Modelling Sentence Pairs with Tree-structured Attentive Encoder
This work addresses the challenge of improving natural language processing tasks like semantic similarity and paraphrase identification for researchers and practitioners, though it is incremental as it builds on existing attentive models by adding tree-structured attention.
The paper tackled the problem of modeling sentence pairs by proposing an attentive encoder that integrates tree-structured recursive neural networks with sequential RNNs, incorporating attention into tree topologies rather than just sequential structures. It achieved state-of-the-art results on semantic similarity and paraphrase identification tasks, outperforming all baselines.

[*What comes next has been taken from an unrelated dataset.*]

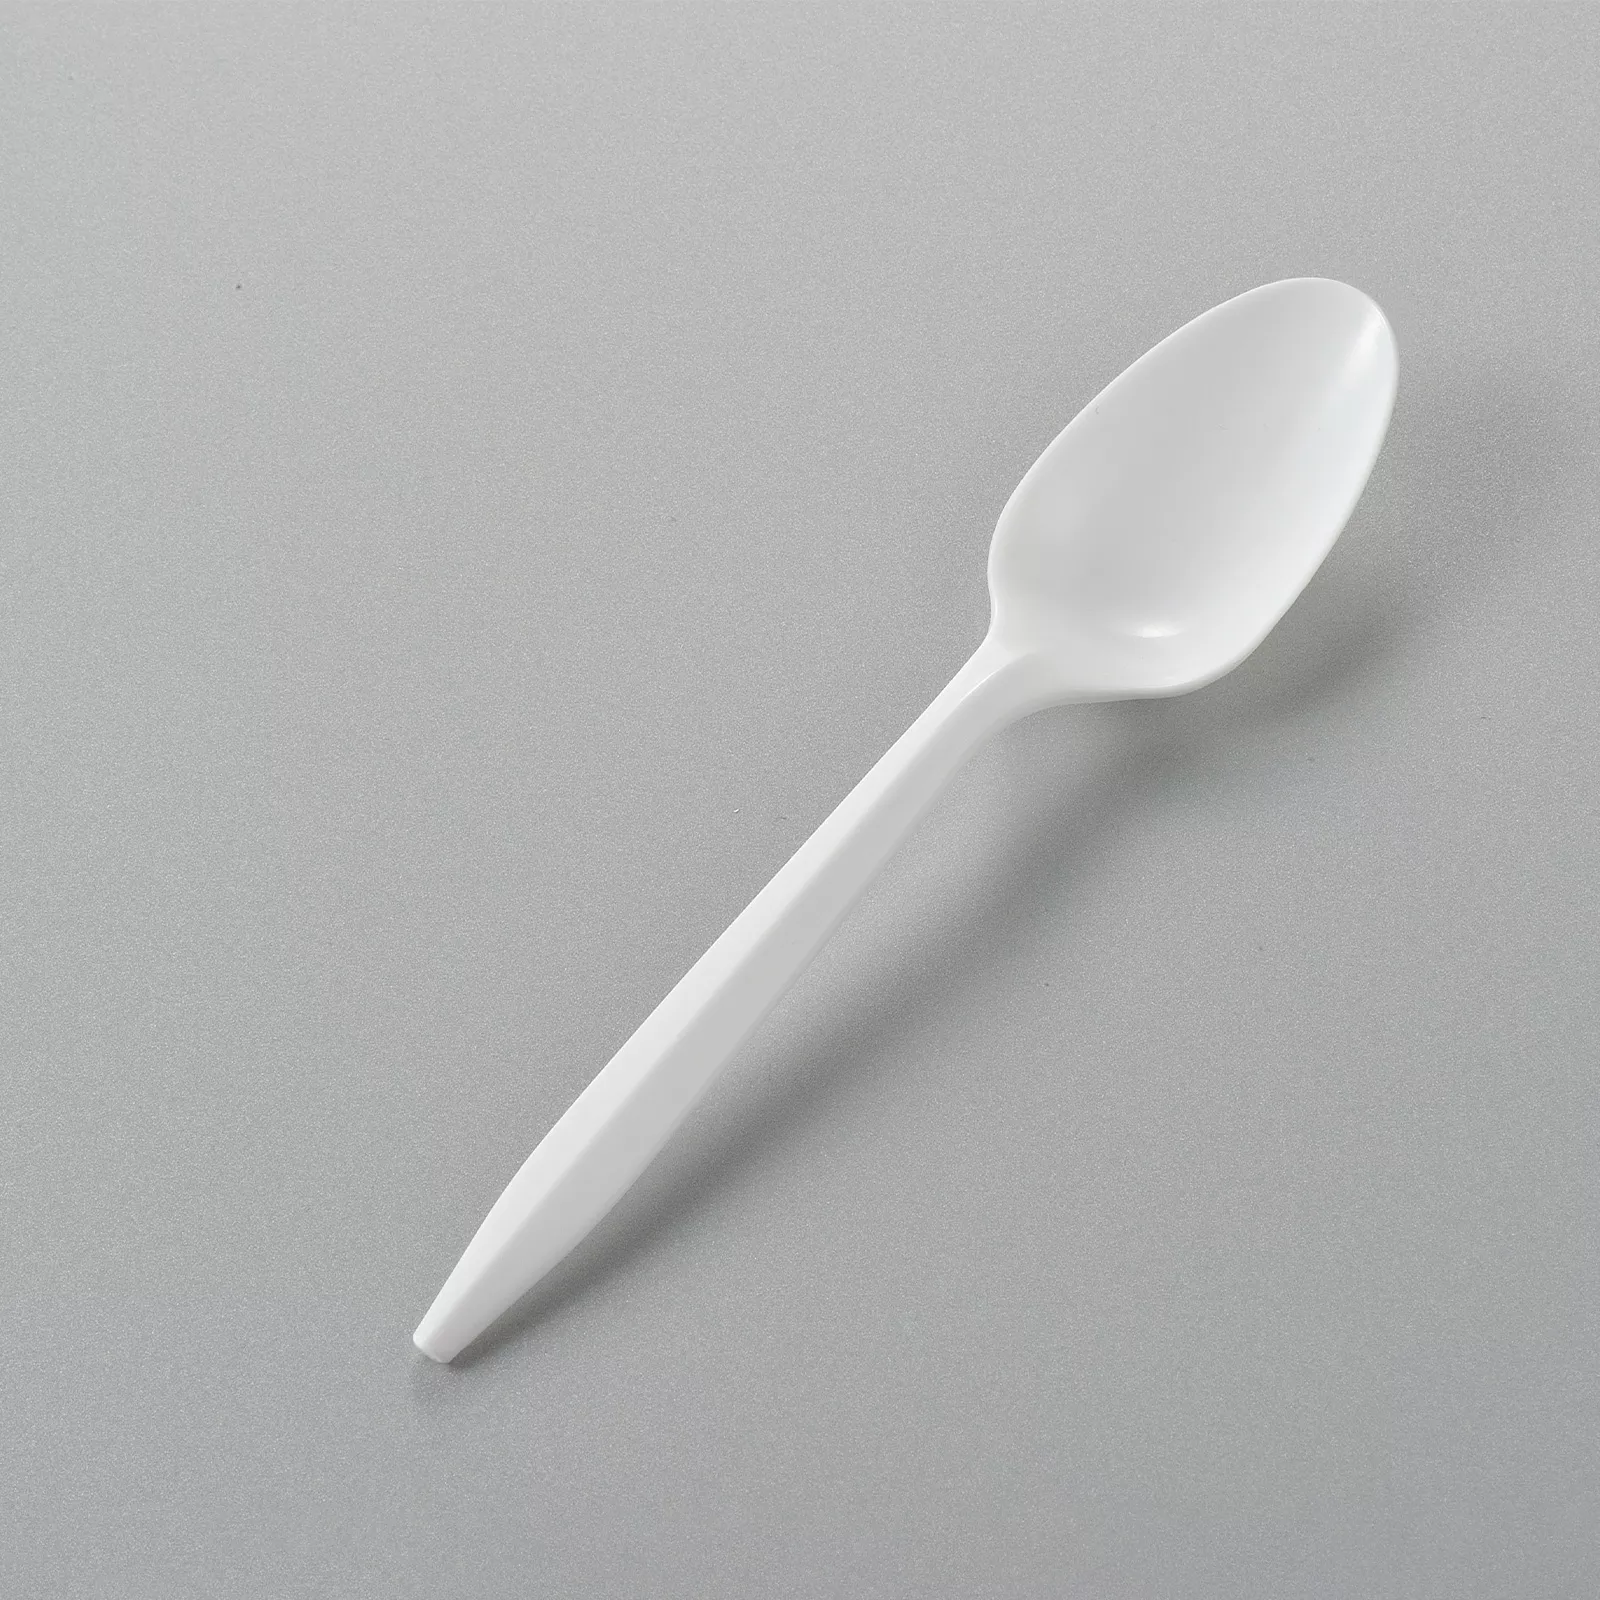 SY-PPC01 Medaim Weight Plastic Teaspoon White

We describe an attentive encoder that combines tree-structured recursive neural networks and sequential recurrent neural networks for modelling sentence pairs. Since existing attentive models exert attention on the sequential structure, we propose a way to incorporate attention into the tree topology. Specially, given a pair of sentences, our attentive encoder uses the representation of one sentence, which generated via an RNN, to guide the structural encoding of the other sentence on the dependency parse tree. We evaluate the proposed attentive encoder on three tasks: semantic similarity, paraphrase identification and true-false question selection. Experimental results show that our encoder outperforms all baselines and achieves state-of-the-art results on two tasks.